In past few days there has been lot of debate on which amount, interest under section 50 of the CGST Act shall be levied i.e on Net tax liability (tax paid by cash) or on Gross tax liability in case of delayed payment of tax.
Before going head, let us read the section 50. Section 50(1) of the CGST states “Every person who is liable to pay tax in accordance with the provisions of this Act or the rules made thereunder, but fails to pay the tax or any part thereof to the Government within the period prescribed, shall for the period for which the tax or any part thereof remains unpaid, pay, on his own, interest at such rate, not exceeding eighteen per cent., as may be notified by the Government on the recommendations of the Council.”
Further proviso to s.50(1) inserted vide Finance (no. 2) Act, 2019 from the date to be notified which read as “Provided that the interest on tax payable in respect of supplies made during a tax period and declared in the return for the said period furnished after the due date in accordance with the provisions of section 39, except where such return is furnished after commencement of any proceedings under section 73 or section 74 in respect of the said period, shall be levied on that portion of the tax that is paid by debiting the electronic cash ledger.”
Almost considerable time has elapsed since insertion of proviso to S.50(1), however the same is not being notified yet.
Recently, the department has started issuing notice to taxpayer for payment of interest calculated on gross tax liability.
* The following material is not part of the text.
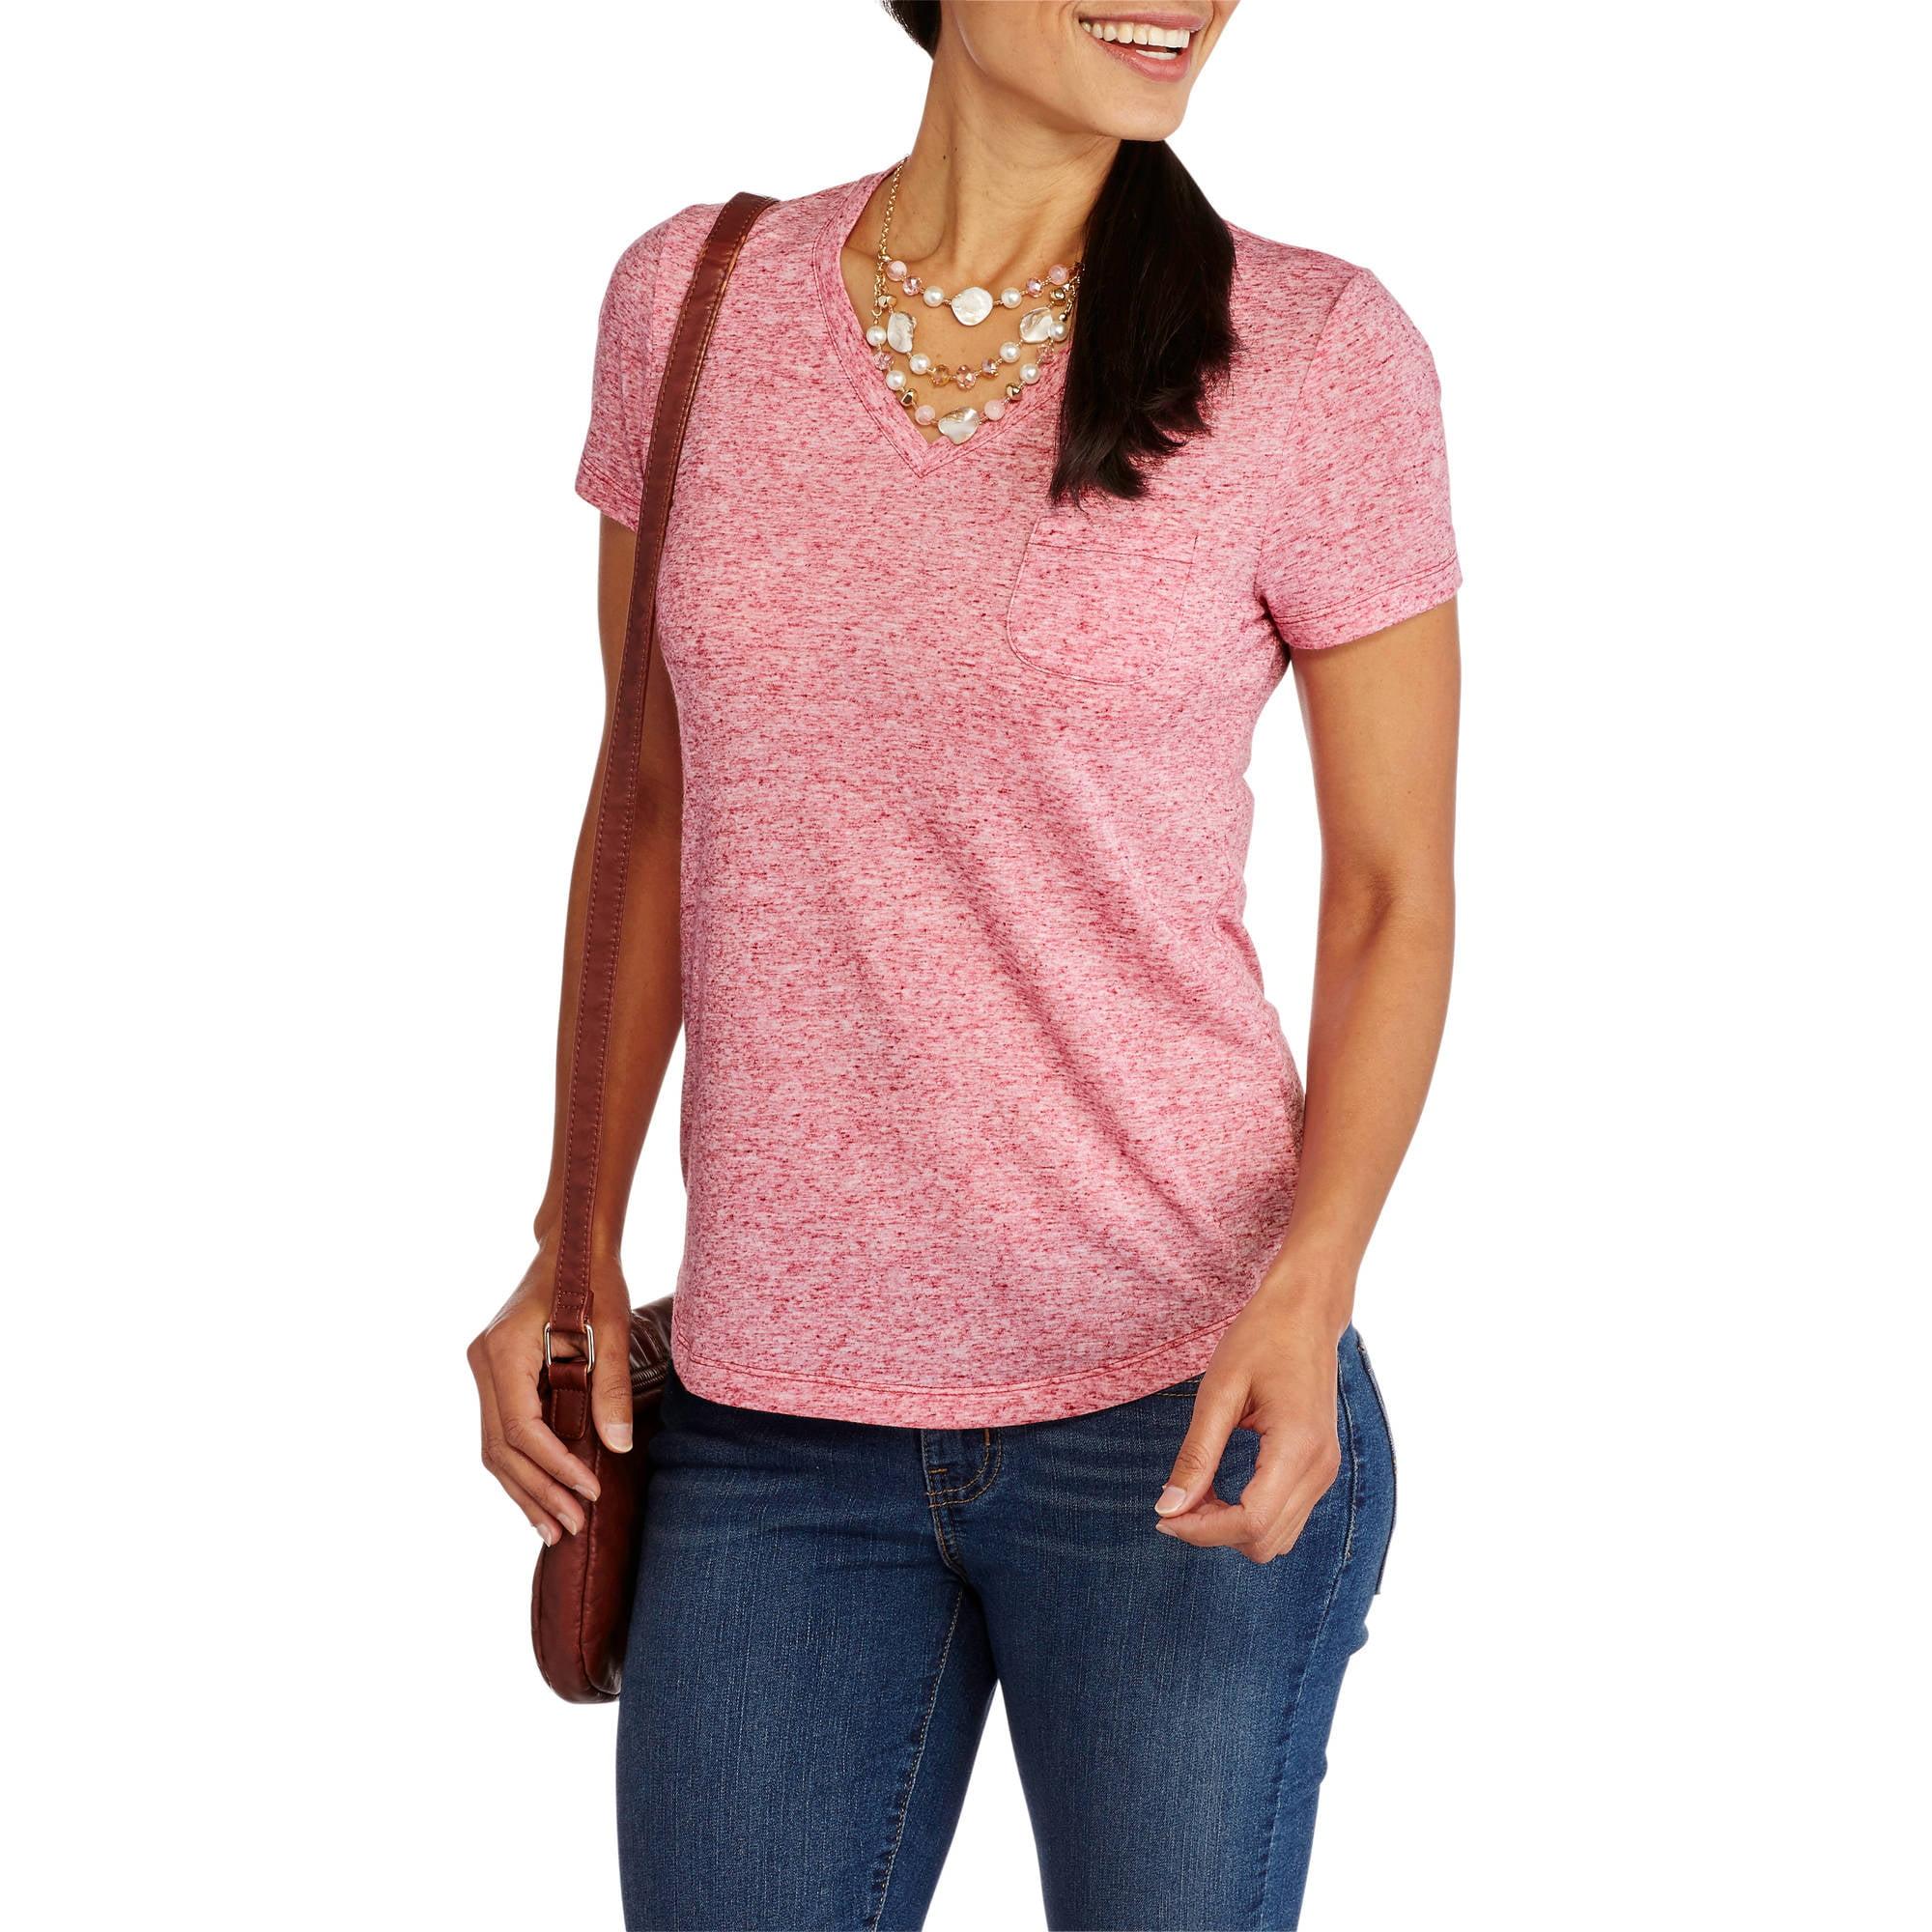 Faded Glory Women's Linen Blend Relaxed fit Short Sleeve V-Neck Pocket T-Shirt

Also, CBIC, in its series of tweet, has justifies the same on the ground that, pending the notification, GST laws permits the calculation of interest in case of delayed payment on gross tax liability and also relied on the judgement of Telangana High Court decision in case of Megha Engineering & Infrastructure Limited where in it was held that interest u/s. 50(1) was chargeable on the gross tax liability. The said judgement was pronounced before proviso to S.50(1) was inserted by Finance (no. 2) Act, 2019.
However, Recently, Madras High Court in its judgement pronounced on 06.01.2020 in case of Reflex Industries Limited (TS-89-HC-2020(MAD)-NT), has held that interest u/s. 50(1) is chargeable on net tax liability i.e on tax payment in cash after the netting of the ITC available and not on Gross Tax liability.
It is imperative by the CBIC to justify the charging of interest on gross tax liability, where even in erstwhile statutes, the interest was charged in net amount and not gross amount.
To avoid blocking of tax money in prolonged litigation, government should issue notification to aforesaid amendment retrospectively at earliest.
We hope that Government would walk on one of the important themes of its Economic Survey 2019 – 20 that the nation must respect businessmen as they create wealth and also jobs, which is the need of the hour and essential for boosting economic growth in sustained manner.